Поднявшись по лестнице на этаж, миновав холл и сквозной коридор, мужчины оказались в просторной комнате с высокими потолками. Окна закрывали испачканные тёмно-зелёные шторы; их бархатистая ткань, украшенная арабесками и липкой грязью, тяжёлыми массивными складками ниспадала на комья пыли, покрывавшие чудесный паркетный пол.

Чашкин щёлкнул выключателем, и комнату залил мягкий электрический свет. Фигуры, едва различимые в вечерних лучах, с трудом пробивавшихся сквозь занавешенные окна, вдруг обрели чёткость и цвет. Увидев открывшуюся картину, матрос, стоявший за спинами вошедших, крякнул от удивления. Чашкин привычно отвернулся, втянул носом воздух и стал дышать медленно и неглубоко. Только юный Веремеев молча оглядывался по сторонам, впиваясь взглядом в увиденное.

Троих мужчин поразила вовсе не грязь и заброшенность помещения.

Комната выглядела кошмарно.

Стены её, некогда обитые гобеленом, ныне были завешаны белой тканью, прибитой к штукатурке короткими гвоздями.

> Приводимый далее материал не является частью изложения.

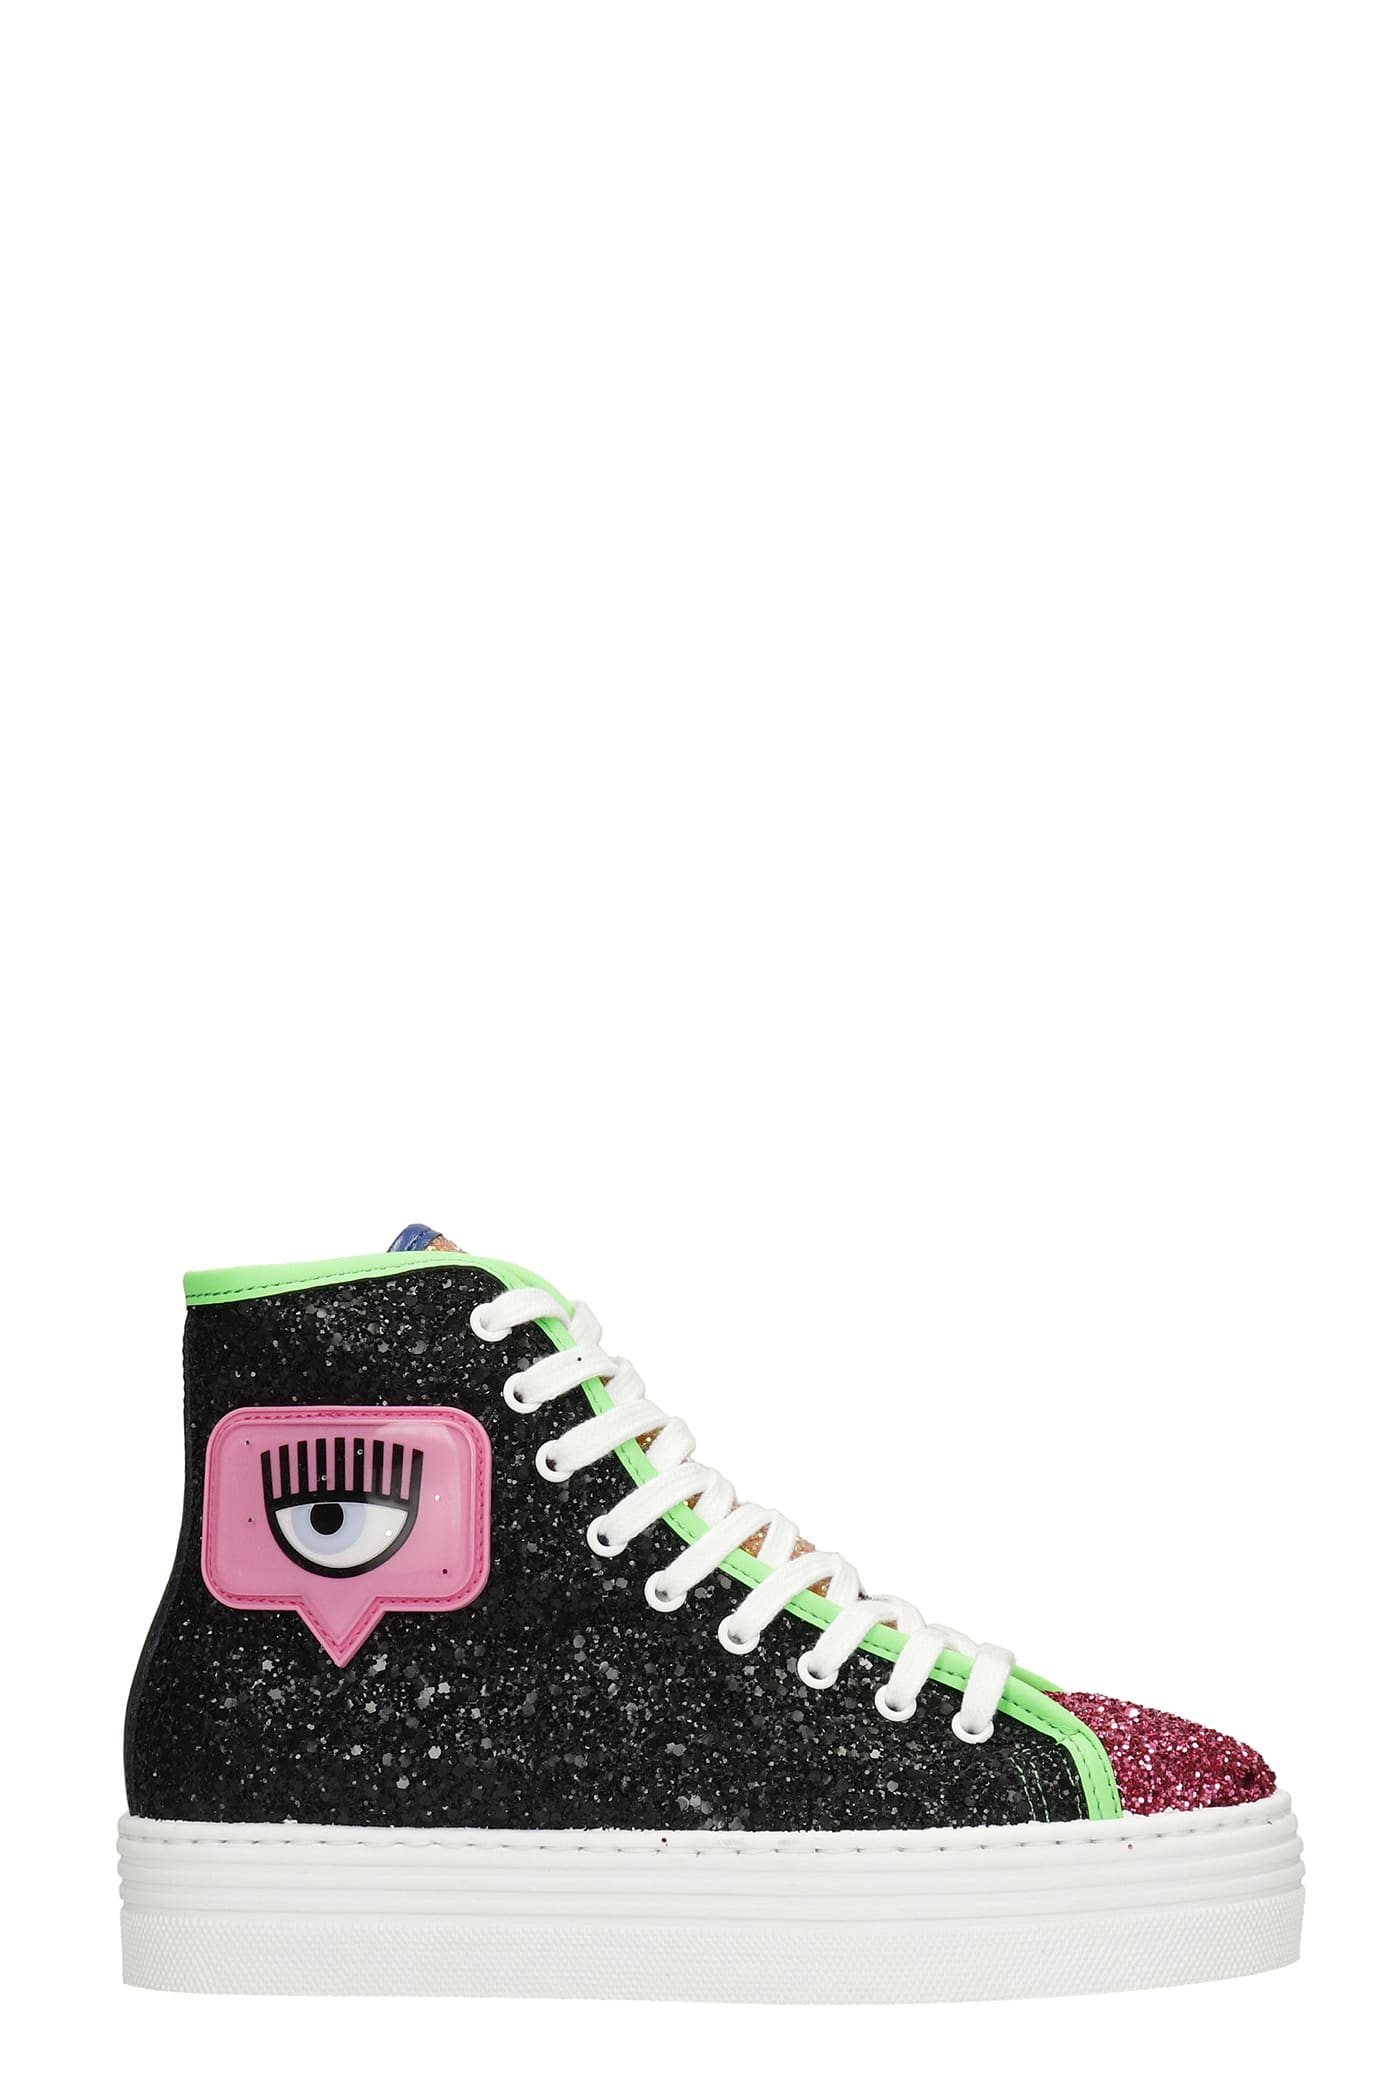 Chiara Ferragni Sneakers In Multicolor Glitter

Изысканный английский паркет, который когда-то мажордом натирал до блеска, украшали лишь комья пыли и размытые пятна непонятного оттенка.

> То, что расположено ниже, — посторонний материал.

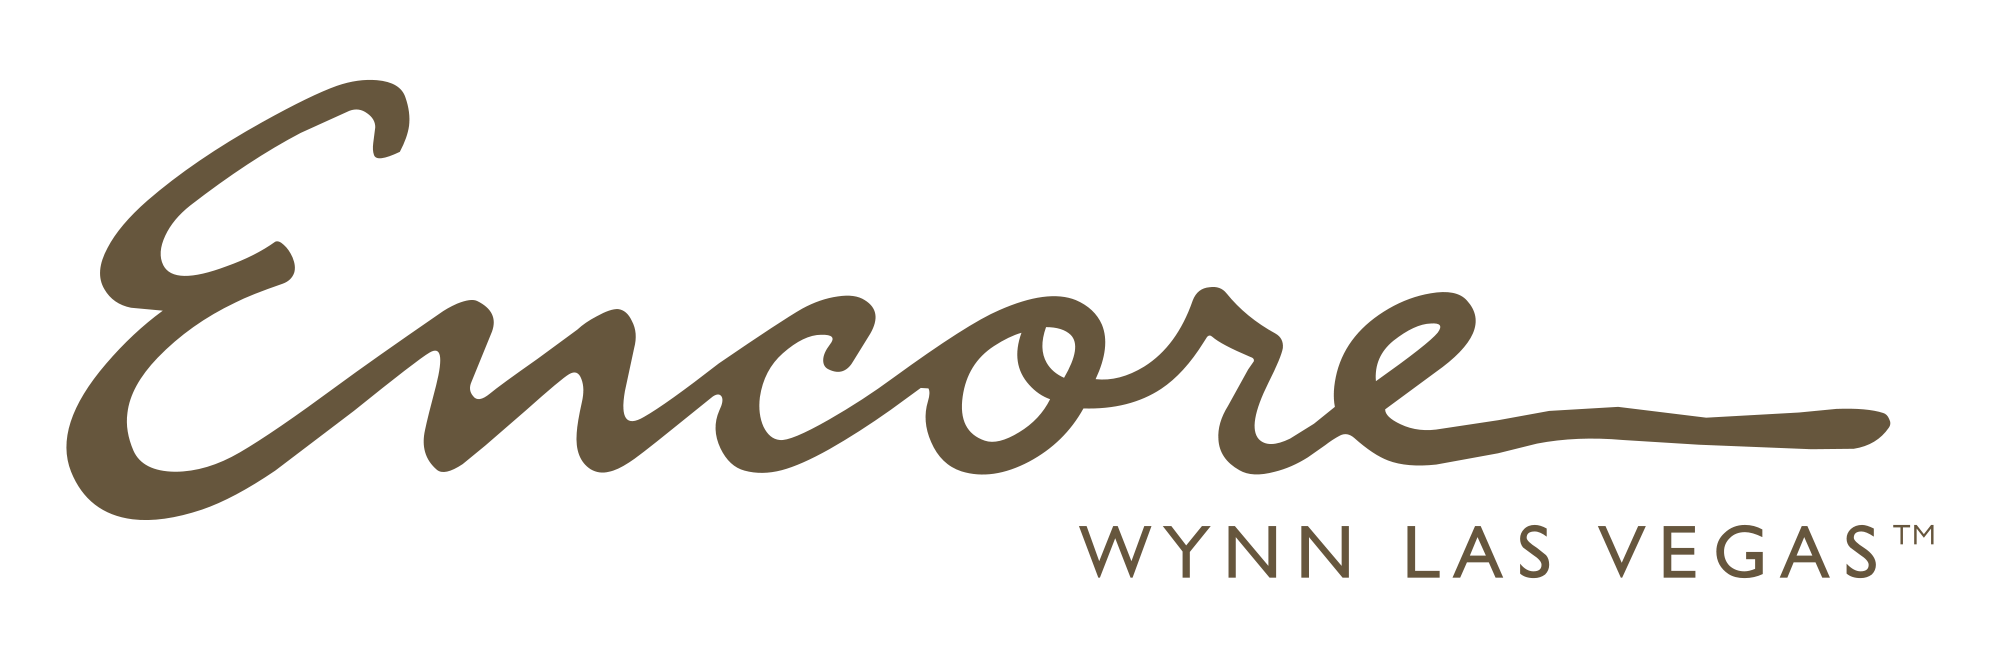 Wynn Logo - Encore Wynn Las Vegas Logo transparent PNG - StickPNG

Вдоль стен, рядом с комодом и фортепиано, между письменным столом и резным столиком с чайным сервизом, возвышались металлические столы, на которых были разложены хирургические инструменты.

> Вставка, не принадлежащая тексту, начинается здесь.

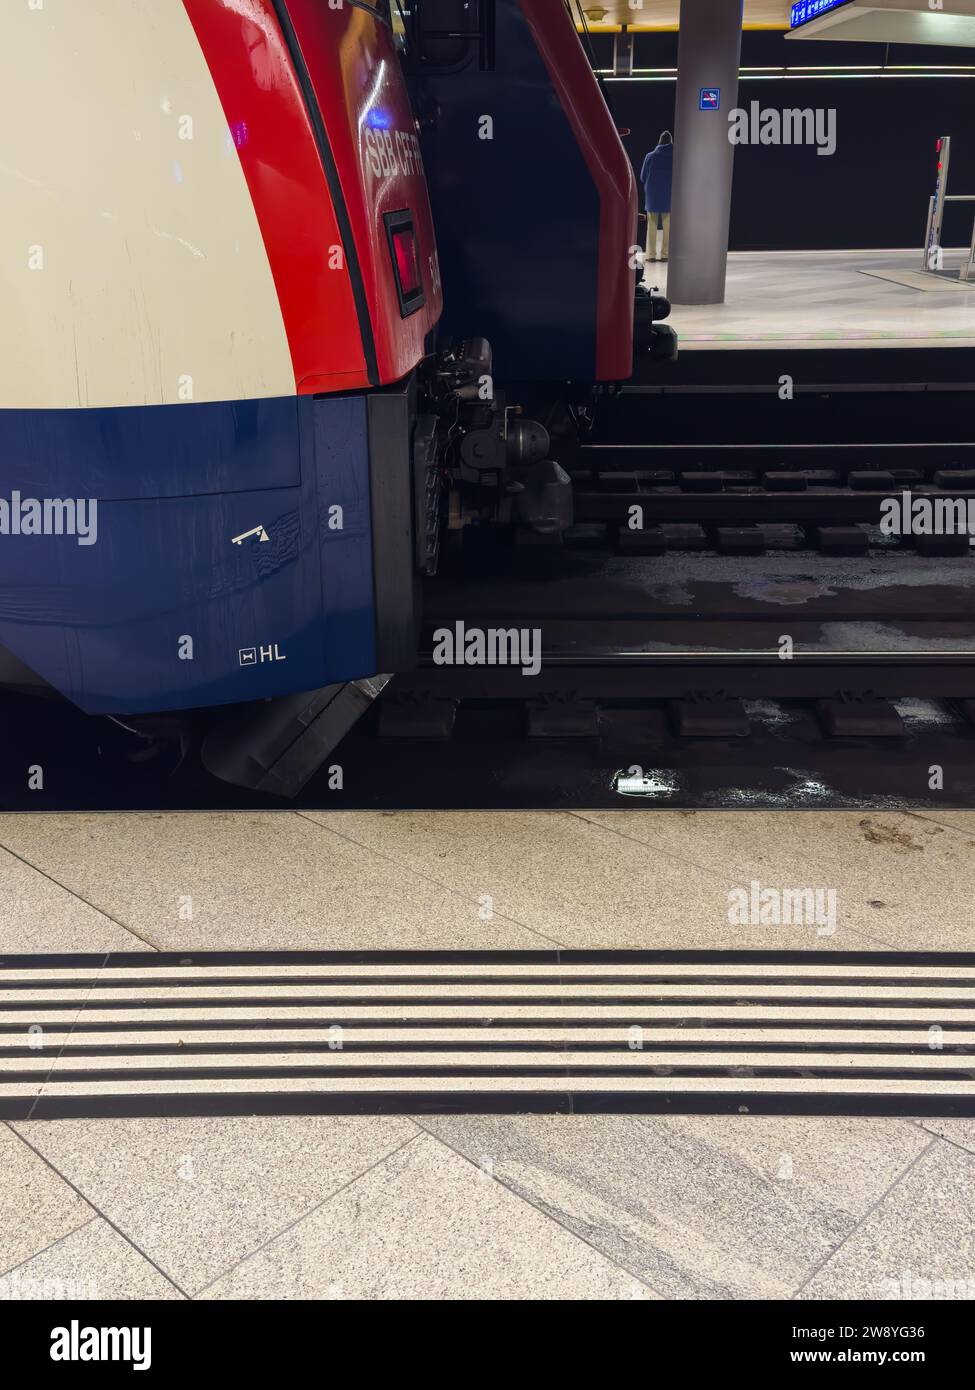 Zurigo, Svizzera - 1° dicembre 2023: Una striscia bianca sul pavimento di una piattaforma ferroviaria come aiuto di orientamento per i non vedenti Foto Stock

Однако в центре просторной комнаты, словно квинтэссенция общего ужасного впечатления, возвышались три медицинских стола с тремя человеческими телами — липкими, красными, неподвижными.

Трое вошедших, несомненно, уже видели трупы. Однако эти тела отличались от остальных.

— Первый — это мсье Бурвиль, я его узнаю, — произнёс мичман Веремеев, нарушая повисшую в воздухе тишину. — Его французский нос ни с чем не спутаешь. Второй, вероятно, хозяин дома, профессор Моложевич. А третий… Так вот почему меня пригласили?

Сняв капитанскую фуражку, Чашкин вытер платком вспотевший лоб.

— Да, это ваша сестра, — сочувственно вздохнул он, переминаясь с ноги на ногу, и тихо повторил: — Я же говорил вам: крепитесь.

— Да бросьте, — раздражённо отрезал молодой человек. — Что здесь случилось?

В ответ Чашкин осторожно втянул носом воздух и нерешительно, с какой-то явной неуверенностью, уныло повёл плечами.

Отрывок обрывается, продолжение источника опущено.